◆ **Given information**
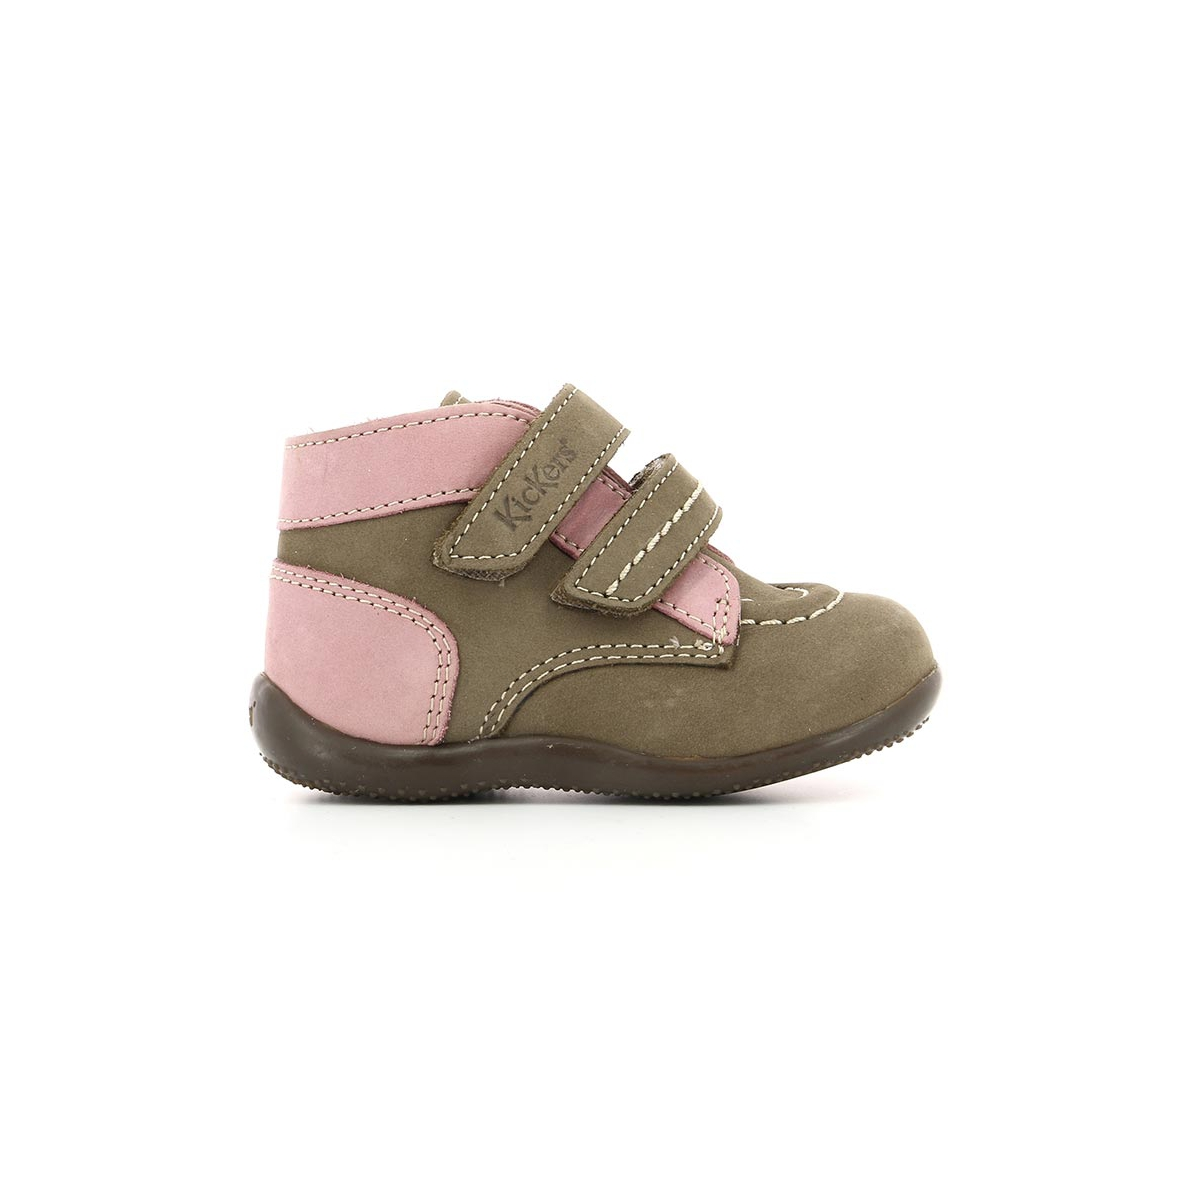 Niños Rosa Gris Bonkro Zapatos Kickers P10qzx
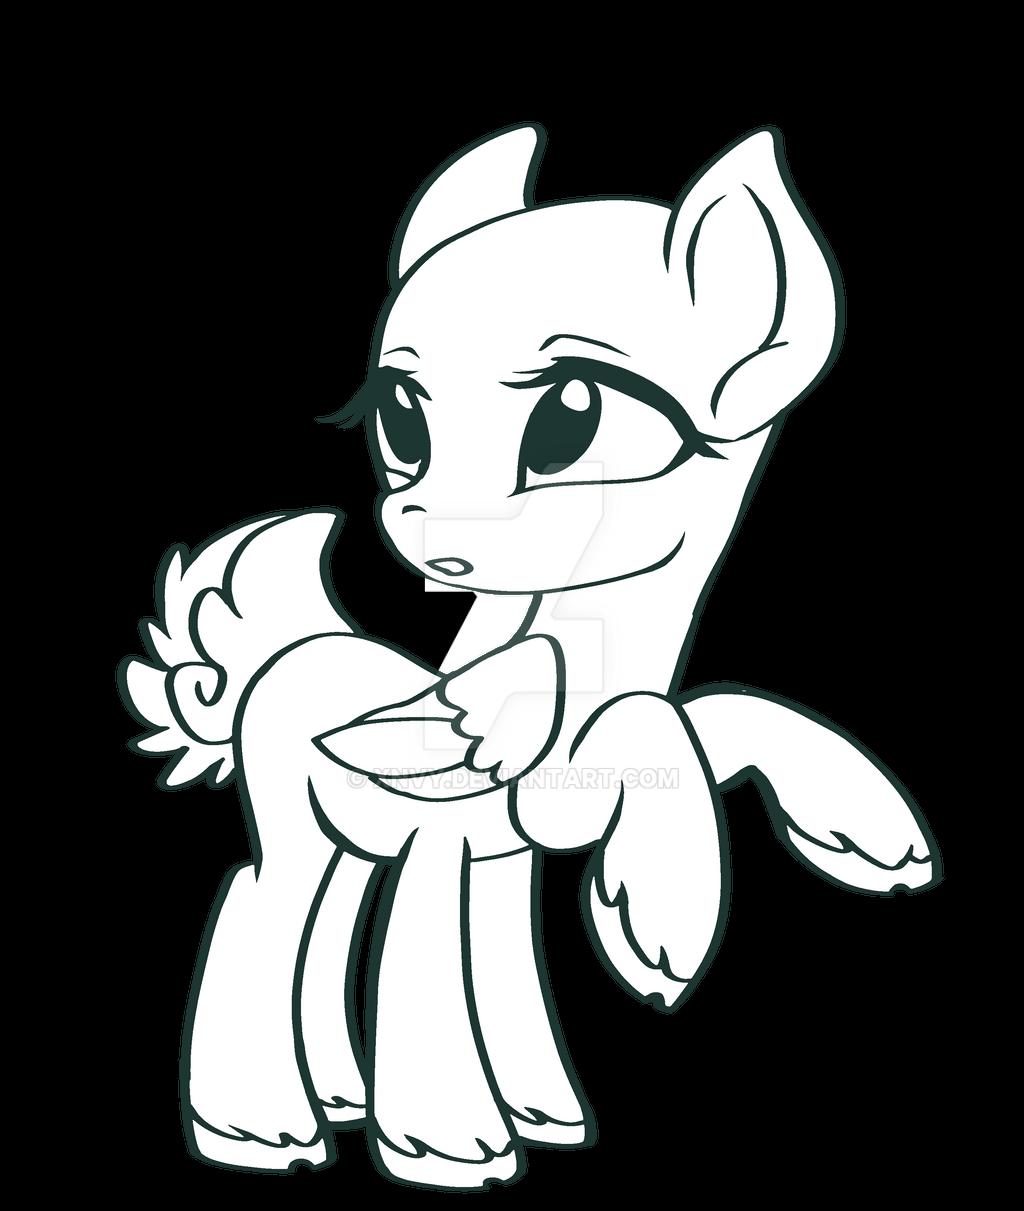 p2u sleipnir deer pony base 20 points by xnvy on deviantart MLP Bat Pony Base p2u sleipnir deer pony base 20 points by xnvy
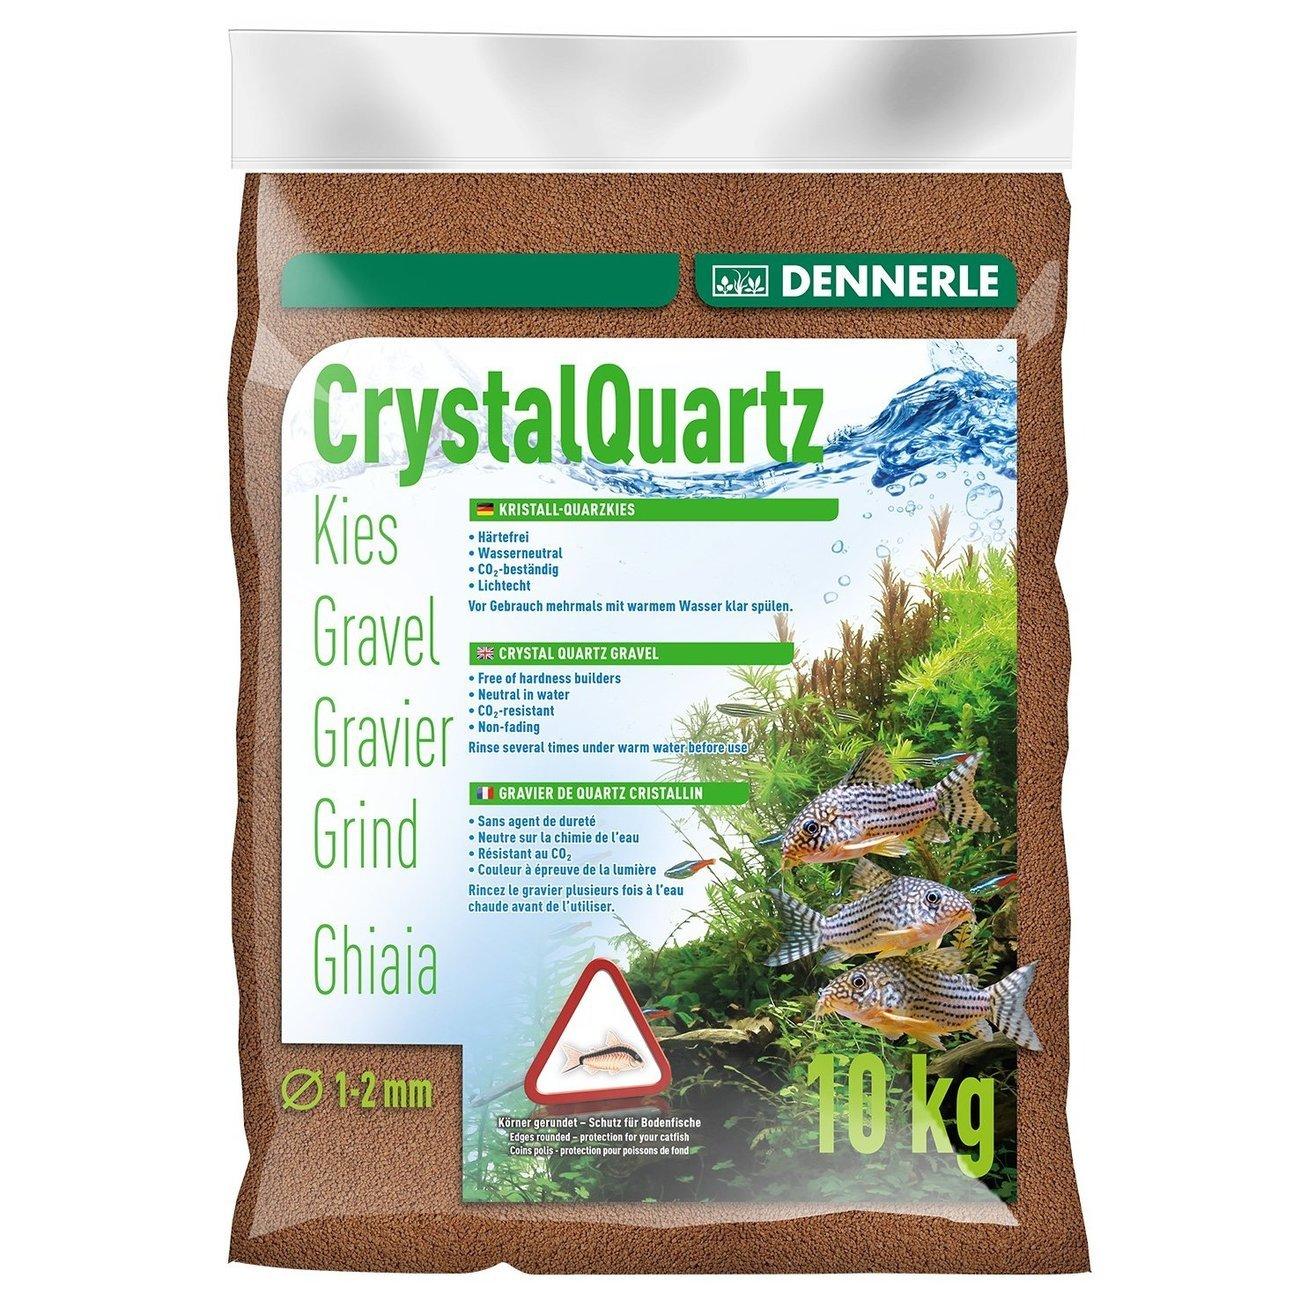 Dennerle Kristall-Quarzkies, 10 kg, rehbraun

◆ **Task prompt**
Without including any picture, repeat the data exactly.

◆ **Answer box**
 Niños Rosa Gris Bonkro Zapatos Kickers P10qzx
 p2u sleipnir deer pony base 20 points by xnvy on deviantart MLP Bat Pony Base p2u sleipnir deer pony base 20 points by xnvy
 Dennerle Kristall-Quarzkies, 10 kg, rehbraun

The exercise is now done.